I conclude that to arrive at a state of art as life, man must either broaden or by-pass his present personality-based reactions, in order to enable him to ‘sacrifice’ the transitory pleasure necessitating constant renewal, gained from pleasure/pain choices (such as we see in animals) for a lasting vibrance with surroundings gained by allowing the higher self (be that the idea of ‘conscience’ or of ‘spirit’) to guide the ‘persona’ into situations which it may even dislike, but which will eventually even out the one—sidedness of the ‘mask’. Man, or ‘a man’ has to undo all that his various masks have done since childhood, in order to approach his ‘child’, protected for so long.
In the inner place where true artists create there exists a pure child. To recognise this is to recognise beauty as a living, abiding presence completely untouchable by all the devices of man, such as moral codes, creeds, intellectual analysis, games and clichés, the acquisitive instinct, or lust for anything whatsoever… Every genuine artist protects this child, his real self, from all possible impingements. He may resort to any form of anarchy, even of wildness, to do so because of the great contrast of strain he is in, for the world as men generally know it with its mechanisms and defences, protections and hypocrisies, social regimentation and codes is as nothing in his sight. —Lawren Harris (quoted by painter Gordon Smith5, Arts Canada, October 1973) Because of his compulsion to purify himself to attain balance, some artists are undergoing a catharsis—one example will illustrate. Penny Slinger (in ‘Art and Artists’, November 1973) uses her work to break down her personal ‘hangups’ in order to go ‘beyond’ them:
The only way to come to terms with existence is to be born again.—Penny Slinger (Art and Artists, November 1973)
John MacGregor (in the same issue of Art and Artists) said:
I’ve never been aware of my own death till now. I’m saying here that this is the problem of the majority of people. You have to be born to die.
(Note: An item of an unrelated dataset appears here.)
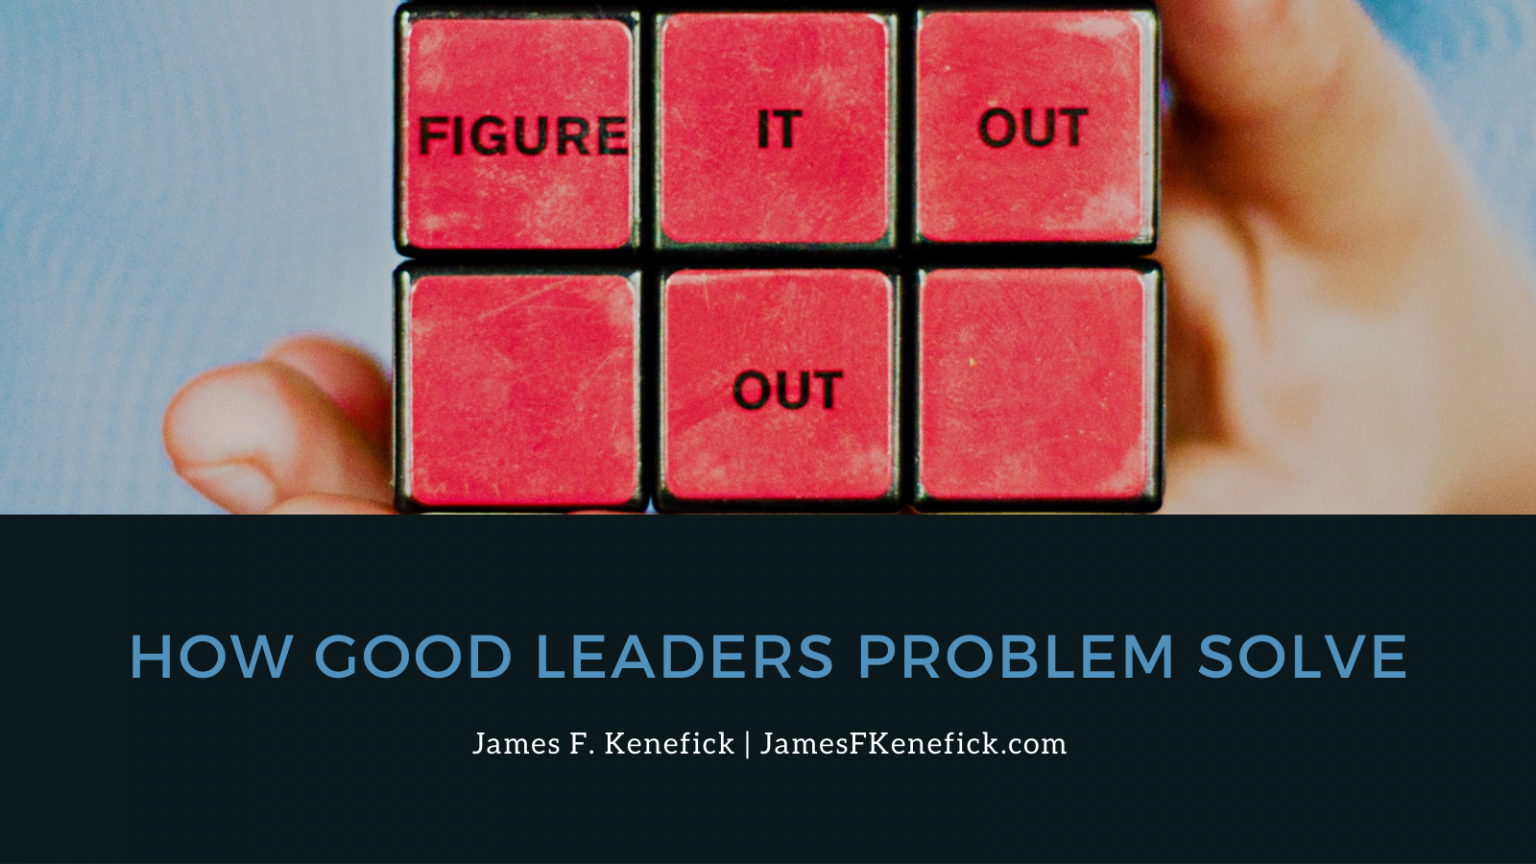 how can we solve leadership problems

There is an undercurrent in many contemporary artists of a motivation derived from active interest in the occult—a rather more ‘practical’ than ‘mystical’ approach though. Bob Watts6—formerly of the famous FLuxus group—displays an active interest in psychic phenomena, the writings of Ouspensky, Gurdjieff and Castaneda. He refers to cosmic forces, reincarnation, pyramids and astrology. From that list, the books of Carlos Castandeda (“A Separate Reality” and “Journey to Ixtlan” being the latest and most most influential works) stand out as a prominent factor in the list of contemporary ‘occult’ influences upon artists today. After looking through three or four recent art magazines, I discovered four separate artists who displayed an interest in or declared that the teachings of Don Juan via Carlos Castaneda’s books had no small influence on their life and work (Geoff Hedericks7, Penny Slinger, Bob Watts. Art and Artists November 1973; John MaGregor, Arts Canada October 1973). Among these teachings, Don Juan often stresses that one should be aware of one’s death, though not in the way we would expect. It resides to your left. This is a prime instance of non-logical thwarting of the logical mind. In other instances he stresses the importance or maintaining a certain way of seeing something, rather than that usually employed. We in the western tradition would call it ‘optical illusion’ but it has a deeper significance—just as Kandinsky received perhaps his most significant (in terms of art) revelation upon beholding an abstract form in one of his representational paintings, as he received it, sideways-on, by accident. The painting, of course, is abstract when seen without any conscious interpretation. Don Juan also maintains that when properly ‘seen’ any man appears as a ‘luminous egg’, a perception which all clairvoyants maintain, as was elaborated in the Theosophical works popular among the Blaue Reiter.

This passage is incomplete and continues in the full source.